A una lettura più attenta sono emerse differenze radicali nei testi: la
versione per la gente comune era tutta un'altra cosa. Ma a proposito di
fiducia, ritorniamo alla carne agli ormoni americana. Sulla base di quali
prove il WTO condannò l'Europa? A rispondere è di nuovo
Keith Rockwell: "Quello che le posso dire è che il WTO nel caso di dispute
sulla sicurezza degli alimenti decide in base al parere degli scienziati
della FAO. A loro fu chiesto di emettere il verdetto sulla carne agli
ormoni." E infatti un gruppo di scienziati cosiddetti super partes si
riunirono proprio alla FAO a Roma, e più precisamente nella commissione
chiamata Codex. Dalla FAO partì il
verdetto: secondo loro l'Europa aveva torto. Ma gli scienziati della Fao
erano davvero super partes, erano davvero imparziali? "Certamente" sentenzia
con fermezza Alan Randell, uno dei massimi responsabili dei gruppi scientifici
della FAO, cui ho rivolto quelle domande. Randell spiega: "Siamo una organizzazione
intergovernativa e il nostro compito è di fissare gli standard internazionali
per la sicurezza degli alimenti. Abbiamo deciso che gli ormoni nella carne
americana non pongono problemi alla salute, e potete fidarvi. " Pochi giorni dopo
aver registrato quelle affermazioni, mi sposto a Londra per un incontro
cruciale. L'uomo che mi aspetta alla stazione Victoria vuole rimanere
anonimo, perché è un chimico farmaceutico che ha lavorato per 35 anni
con la grande industria e che oggi ha deciso di raccontare tutto quello
che sa sulla cosiddetta indipendenza degli scienziati della FAO. Trovarlo
è stata veramente un'impresa, attraverso una serie infinita di contatti.

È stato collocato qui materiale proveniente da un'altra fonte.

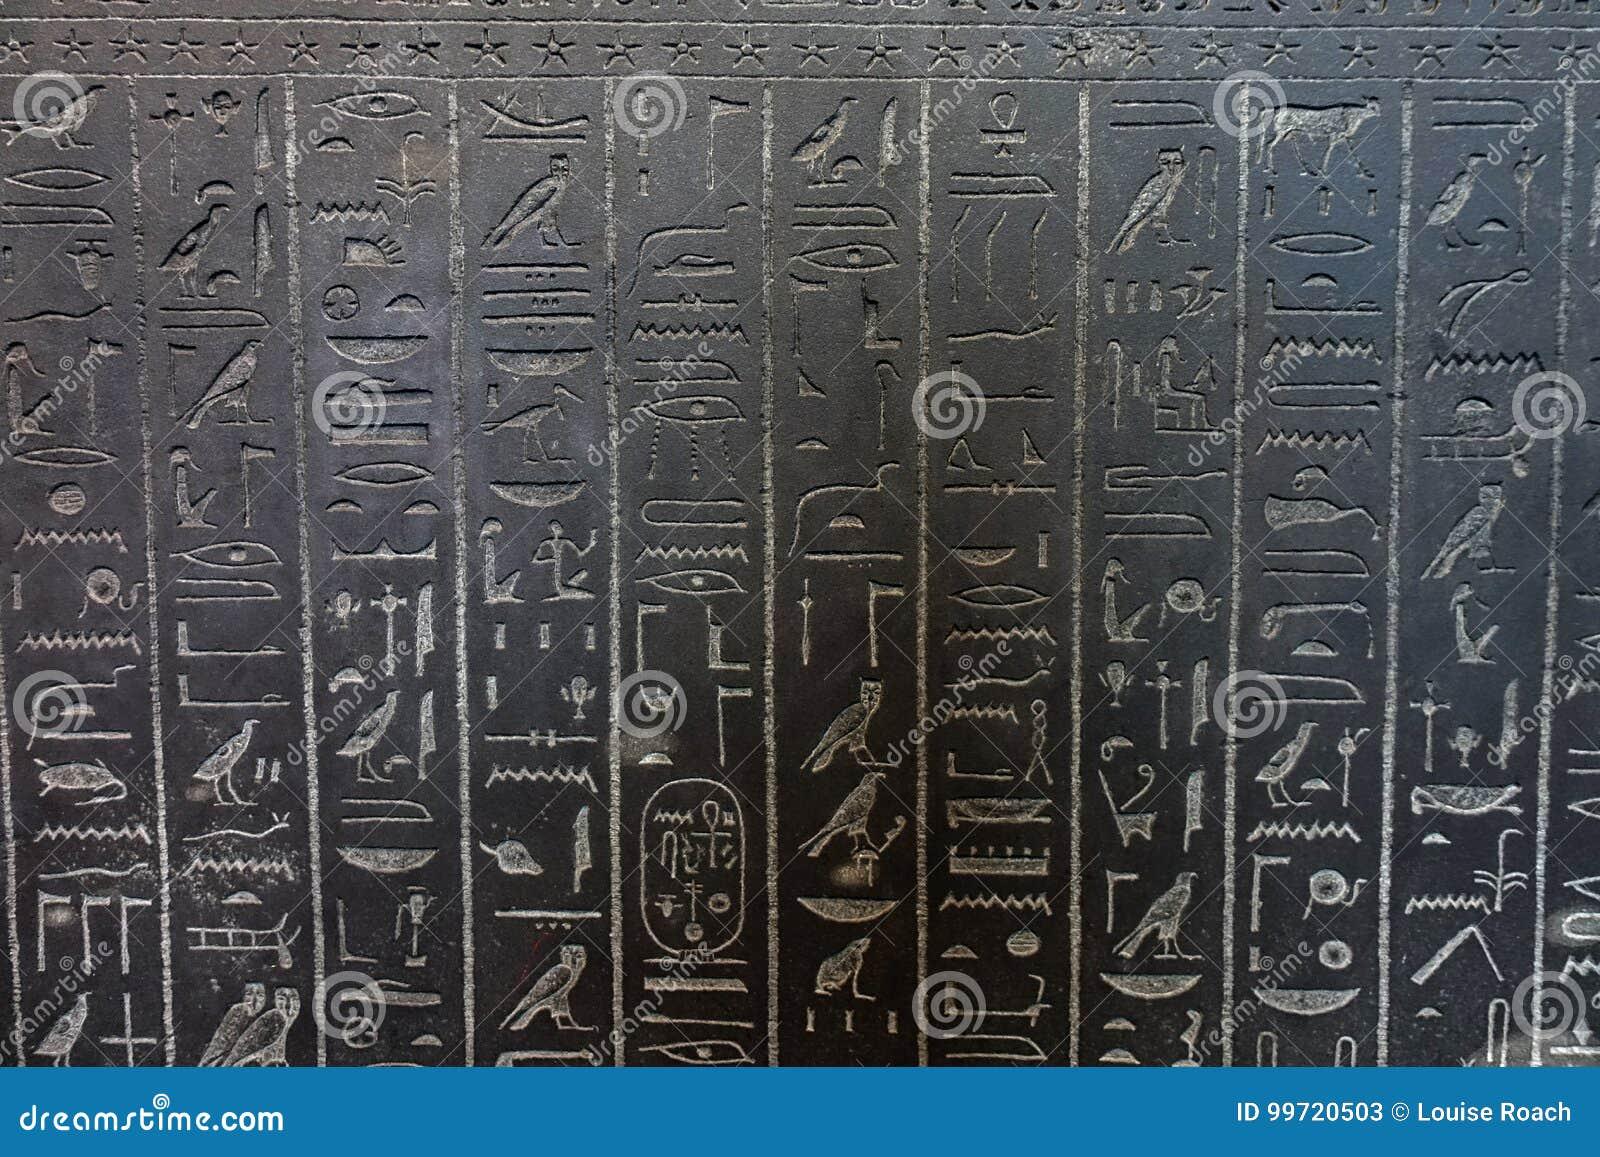 Hieroglyphics Close-Up

Gli chiedo prima di tutto: perché vuole parlare? "Il mondo sta cambiando,
le multinazionali farmaceutiche e agroalimentari hanno assorbito ormai
tutto....non so...forse perché mi sto per ritirare dalla scena...ma guardi,
io ho visto troppe cose, e c'è un limite per tutti, o forse solo per me. " La nostra conversazione
continua, e lo invito a venire al dunque, e cioé alle prove di quanto
mi vorrebbe rivelare. Questo scienziato dall'aria aristocratica mi invita
a sedermi a un tavolo del bar della Royal Albert Hall, e poi inizia: "La
documentazione che le mostro era in gran parte segreta, e infatti molti
fogli portano il marchio declassificato. Ora, per dimostrale quanto siano
inaffidabili gli organi scientifici della FAO è necessario che le racconti
una vicenda parallela a quella che a lei interessa." "Guardi questi documenti.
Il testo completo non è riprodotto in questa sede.